In the early years there would obviously be liquidity issues, as the turnover of purchased properties would initially be very low. It would probably take 15-20 years for a cash-flow equilibrium to be established - balancing between houses purchased and vacated houses sold.
However, in time this would cease to be an issue and, in any event, companies such as Irish Life have been selling highly-illiquid commercial property funds to the general public for decades - so valuation and encashment mechanisms clearly exist.
There are a number of possible knock-on benefits that may derive from this particular funding option:
Investment Buyers are provided with an alternative property vehicle.
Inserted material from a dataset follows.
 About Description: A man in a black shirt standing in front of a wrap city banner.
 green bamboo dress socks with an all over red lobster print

Such a vehicle should be attractive as it spreads the risk among a large number of properties.
The knock-on effect might be to reduce the level of “investment” activity in the New House/ Apartment market and take some of the heat out of price rises.
It would also allow “ordinary savers” to become investors in the property market without having to take on the burden of mortgages, managing properties etc..
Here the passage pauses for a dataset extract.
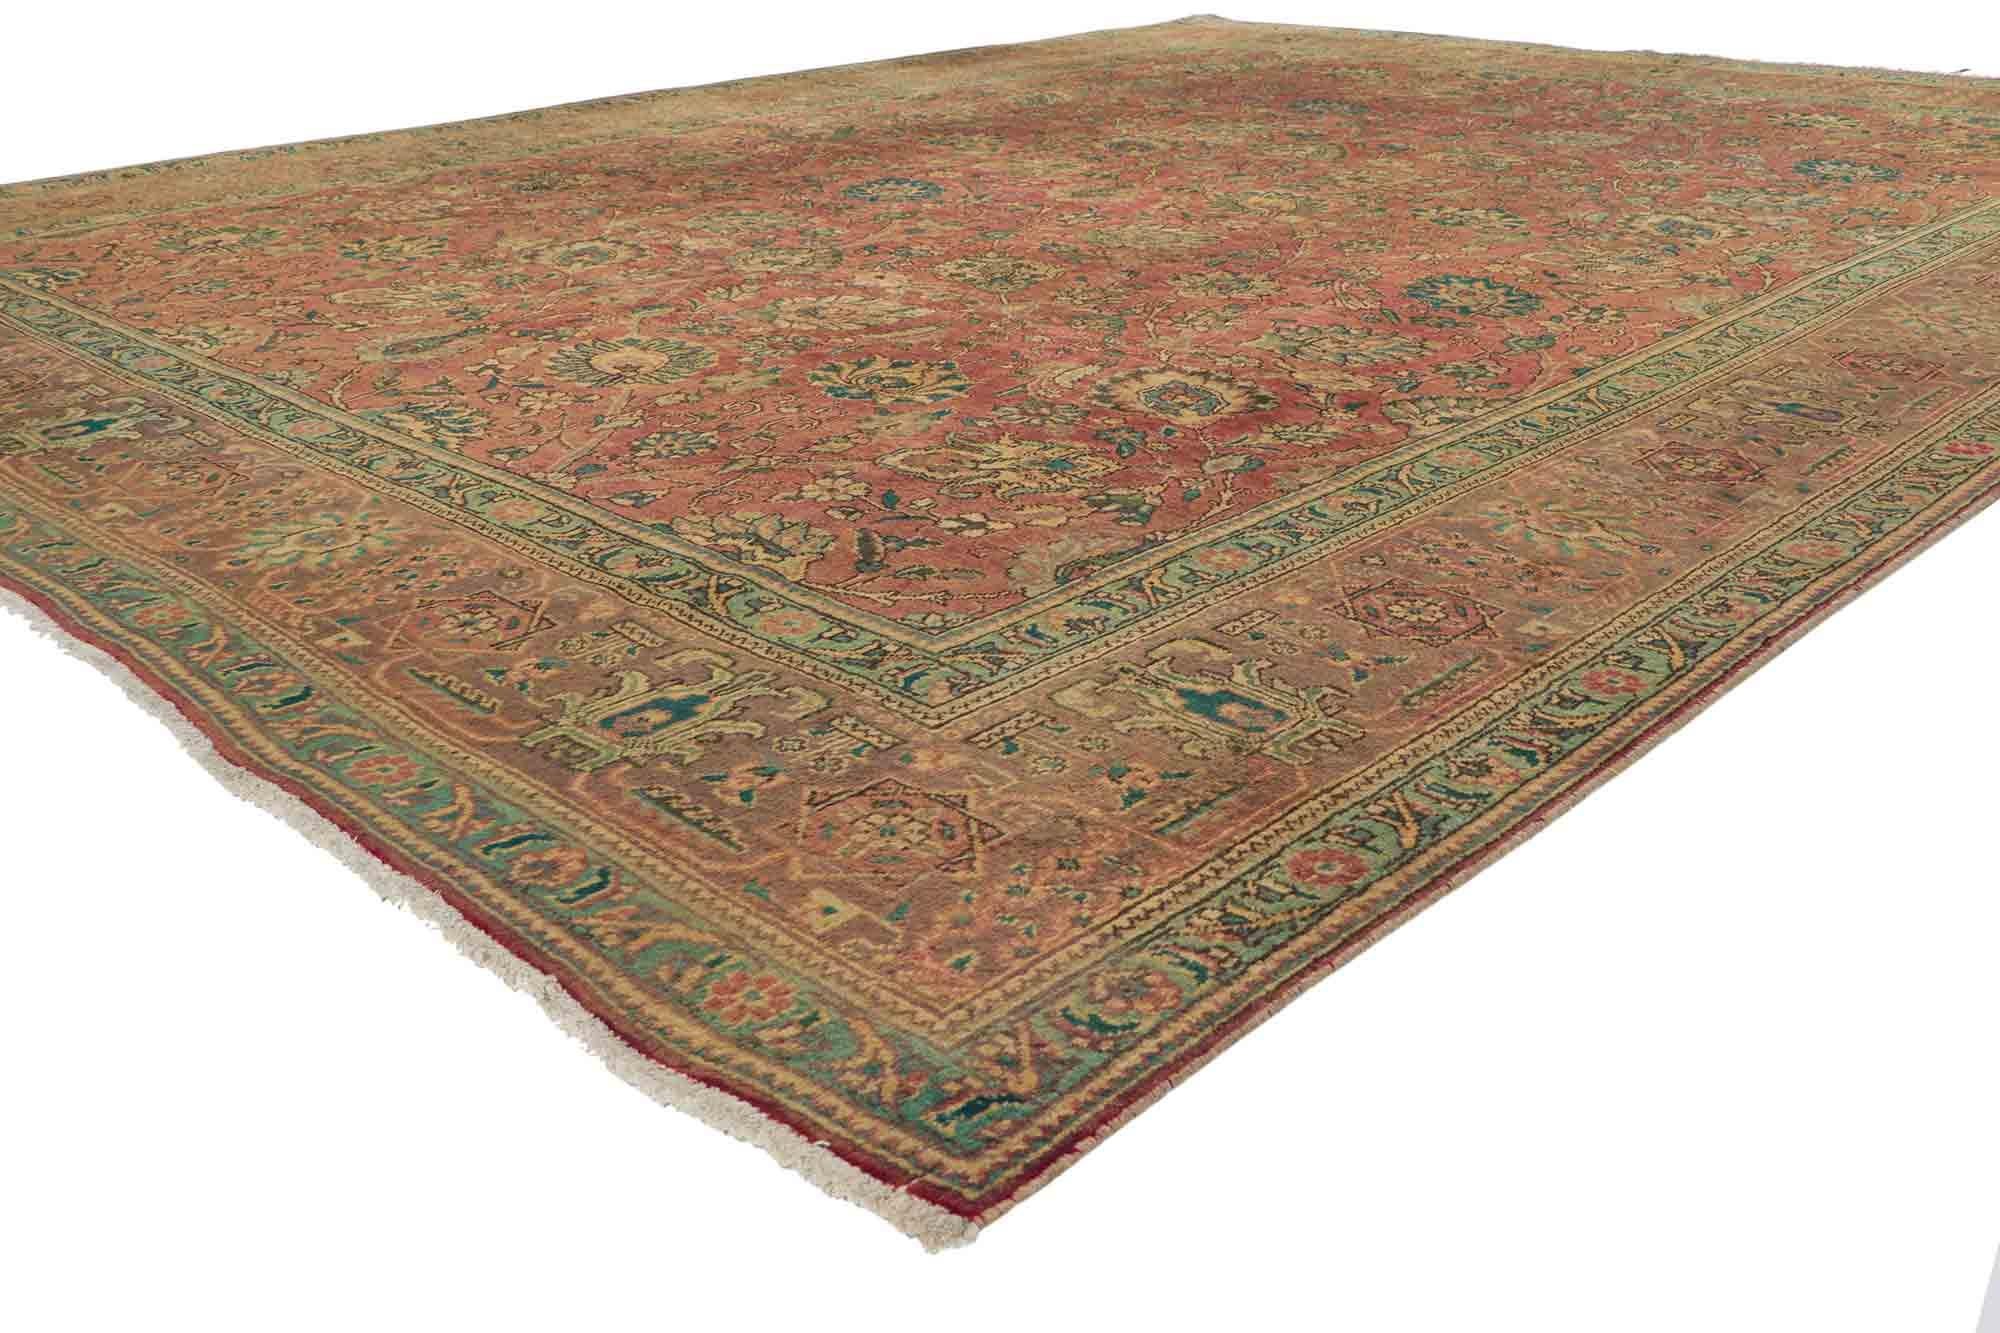 76271, vintage Persian Tabriz area rug with traditional style. This hand-knotted wool vintage Persian Tabriz rug features a an all-over botanical pattern composed of lotus, palmettes and floral vines surrounded by a Classic border creating a

First-time Buyers would be able to invest directly in the housing market, without seeing the buying power of their savings diminished as the rate of increase in house prices rapidly outstrips the interest earned on savings.
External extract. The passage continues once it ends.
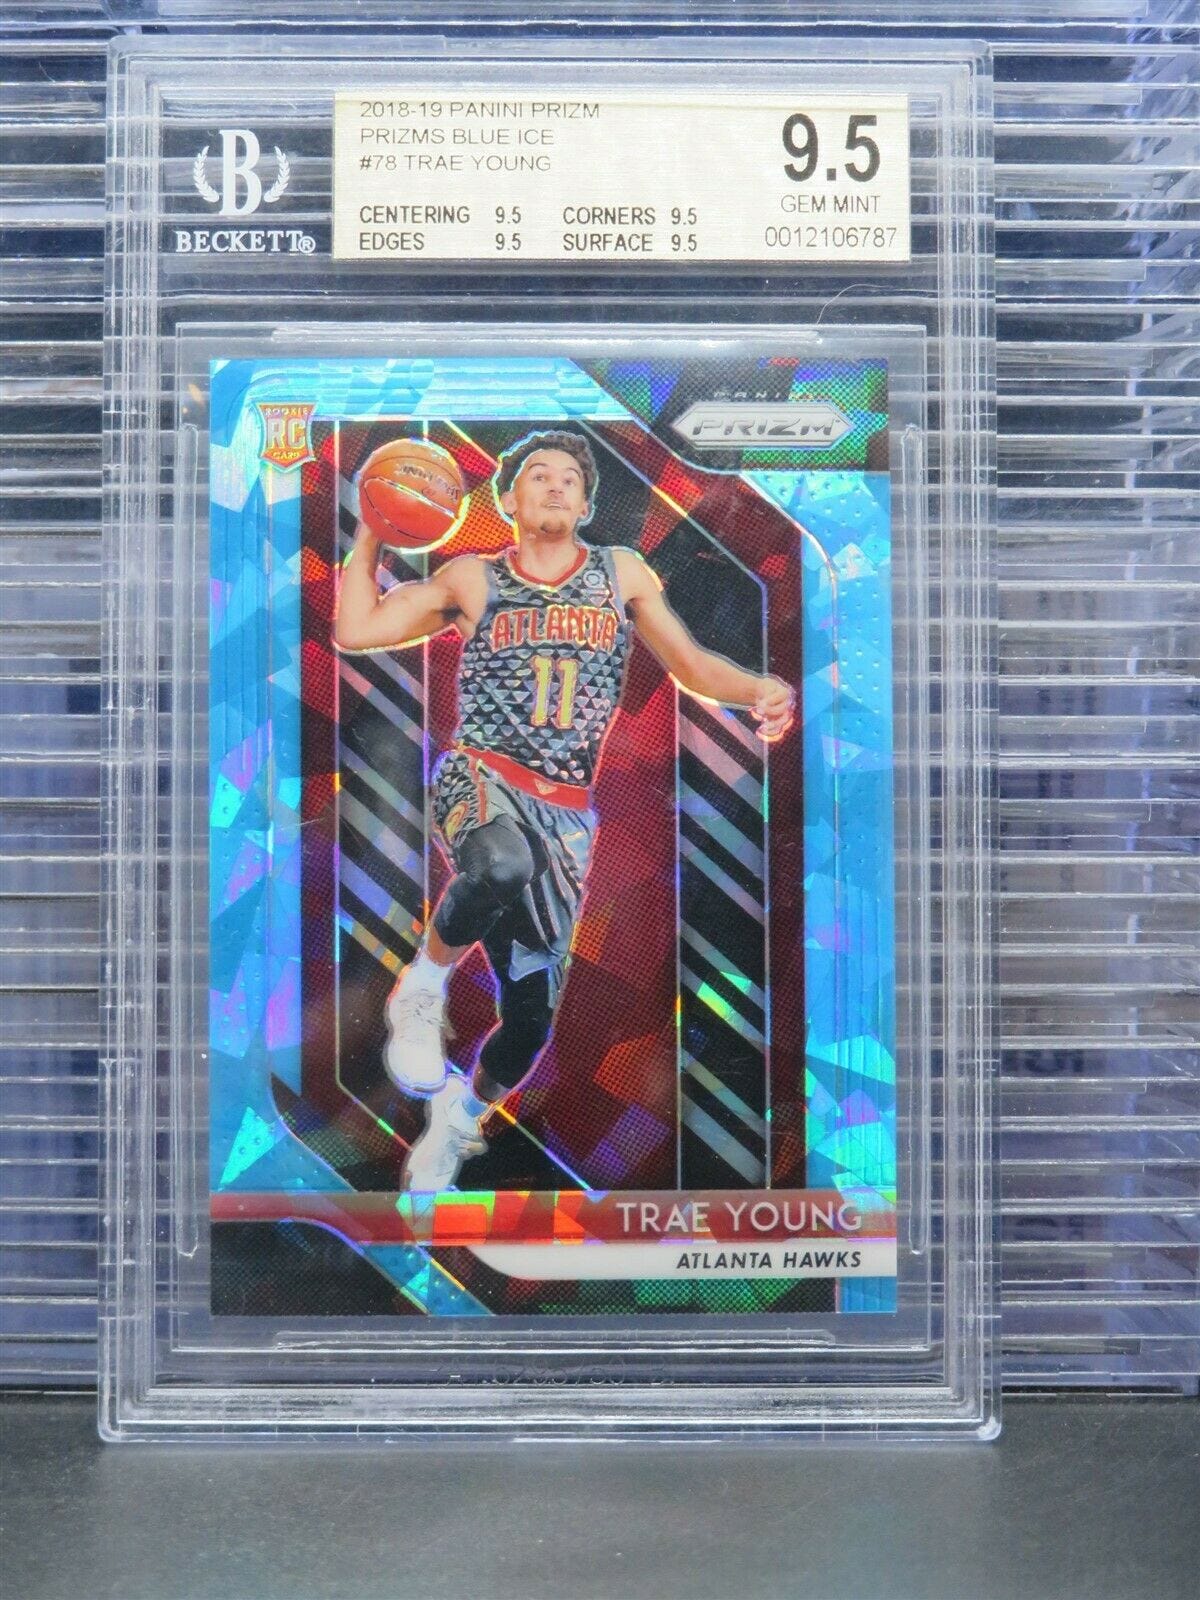 Image 1 - 2018-19-Prizm-Trae-Young-Blue-Ice-Prizm-Rookie-Card-RC-36-99-BGS-9-5-Q9

This might reduce their “panic buying” of properties in order to get on the property ladder.
Which, in turn, might also contribute to taking some of the heat of house-price inflation.
One aspect that needs to be considered is the gearing effect of a mortgage. It should be possible to provide either public or private finance to allow FTBs invest in housing through the Unit-linked mechanism, should this be desirable in the public interest (potential impact on house prices).
Main Barriers to success
1. Cultural attitudes to “owning one’s own home”.
2. Desire to leave the house to the family.
3. Attitude of potential inheritors.
4. Risk of family (or others) manipulating elderly parents in order to realise their inheritance early.
1. A Government-guaranteed lifetime tenancy agreement in their own homes might convince many older people to cash in their equity in order to improve their quality of life. Clearly a role here for a sustained education and marketing campaign.
2. Vendors can always manage the cash received as frugally as they wish and/or can distribute it as they see fit. The "first refusal" option for heirs to repurchase the property should also help.
3. Potential inheritors will display a wide range of reactions, ranging from benign disinterest to naked greed. Other than pointing out to them that they too will, in time, be able to benefit from the exercise of the same option, it’s hard to see what reassurance can or should be offered to them.
4. Part of the overall process should be a step to ensure, as far as it is possible to do so, that the vendor is acting of his own free will and is capable of understanding the implications of the transaction.
The Potential Prizes
1. Dismantling the Pensions time-bomb for up to 80% of the population
2. Providing funding for quality long-term care for the elderly.
(The State should not be expected to pick up the financial burden of such care in circumstances where the elderly person is the owner of significant property assets. Such an approach should allow for better state funding of care for those who are not in a position to fund it themselves.)
3. Helping to achieve a “soft-landing” in the residential property market
4. Giving First-time buyers a chance to get on the property ladder without crippling themselves financially.